Assuming that these are regular visits that are already scheduled and you only need to allocate your staff to the various tasks, (and staff have to return to their home office between visits), I recommend the following process:

  1. Migrate your staff list to a normalized table structure, with separate Employee and Availability tables.
  2. Do the same to your service users, with Customer and Visit tables. (How you populate the visits is a different question.)
  3. Create a distinct Assignment table, that reflects the assignments you give your staff. This table will include both actual shifts, and necessary non-visit assignments (such as "drive across town"). Your program will generate suggestions, but you need to allow a human to revise the list.
  4. Generate a "complexity" score for each visit, by adding all the necessary requirements together. ("Must be seen by two certified women for 3 hours" may be seven points, for example.)
  5. For the highest complexity value, make all assignments for your time period for all visits on that assignment. Do this one row at a time, with tie-breakers based on the visit length and start-time. Select staff who meet the needs based on availability and then some sensible sort value (seniority or "times done this shift.")
  6. Mark a travel time entry for the assigned staff between the customer's location and the employee's central location.
  7. Repeat from #5, above, until all visits are satisfied.
  8. Return to Excel two lists, one of Customer Visits that indicates the assigned employees(s), and one of Employee assignments that notes the times each employee will be assigned.

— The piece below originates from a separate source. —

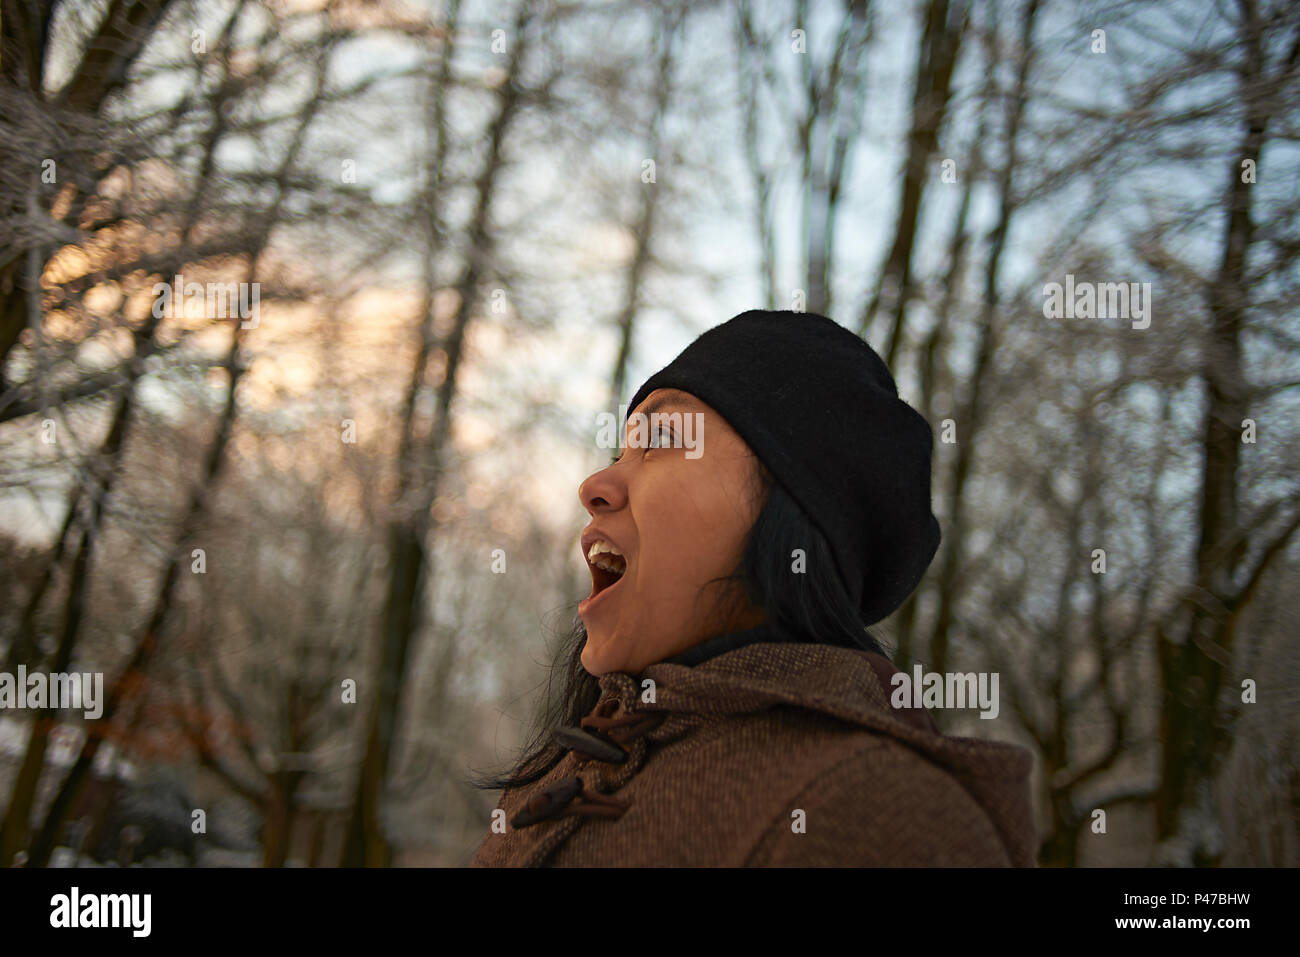 Profil anzeigen von einer asiatischen Frau im Winter Kleidung in einem Wald bei Sonnenaufgang erleben erster Schnee im Winter Sonnenschein Stockfoto
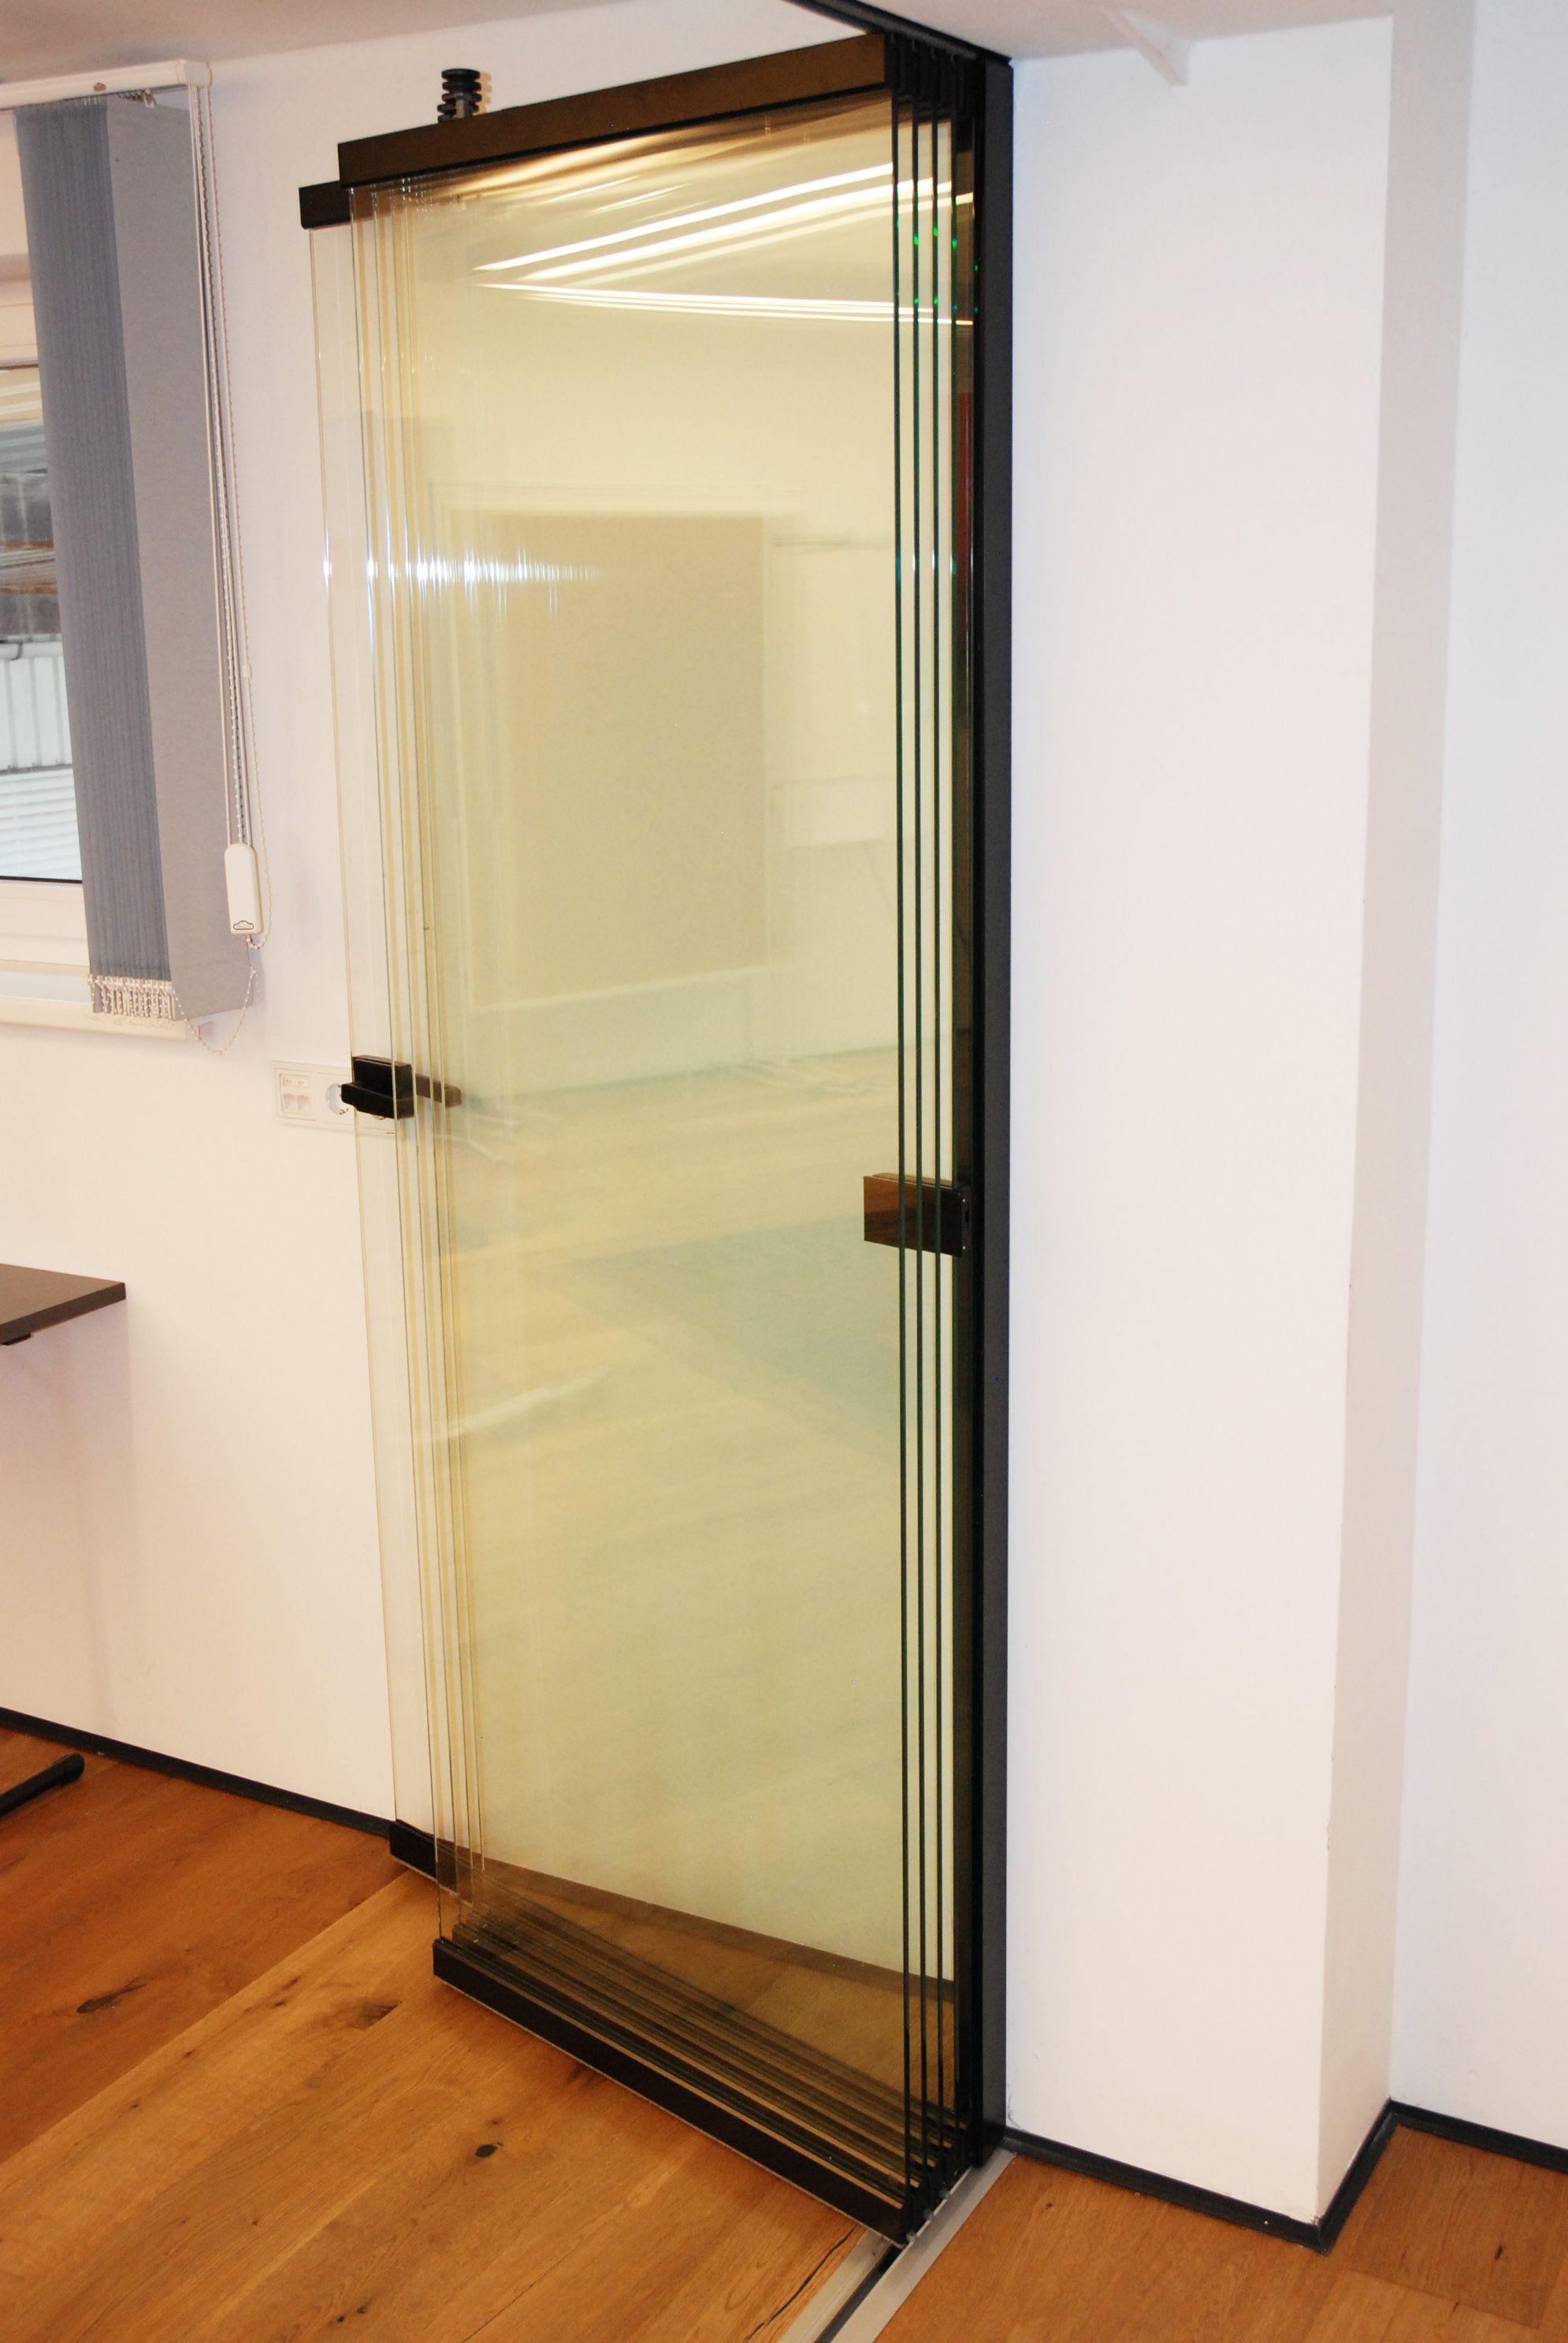 Schiebe Falt Wand Fur Innen Flexible Innenglaswande Zum Auffalten Schiebetur Glas Glastrennwand Faltwand

Include any highlight in both any unassigned items.

There are professional Workforce Management systems that will much of this for you, but such require several tens of thousands of dollars to purchase and assume you'll have an employee doing much of the work manually. If they were doing this in Excel by hand, any automation will be an aid, and you can improve as you go on.

(And take a look at .NET or Access to replace Excel in some instances; round-tripping data from Excel back to SQL Server is significantly harder than just making a form for a SQL server table in Access.)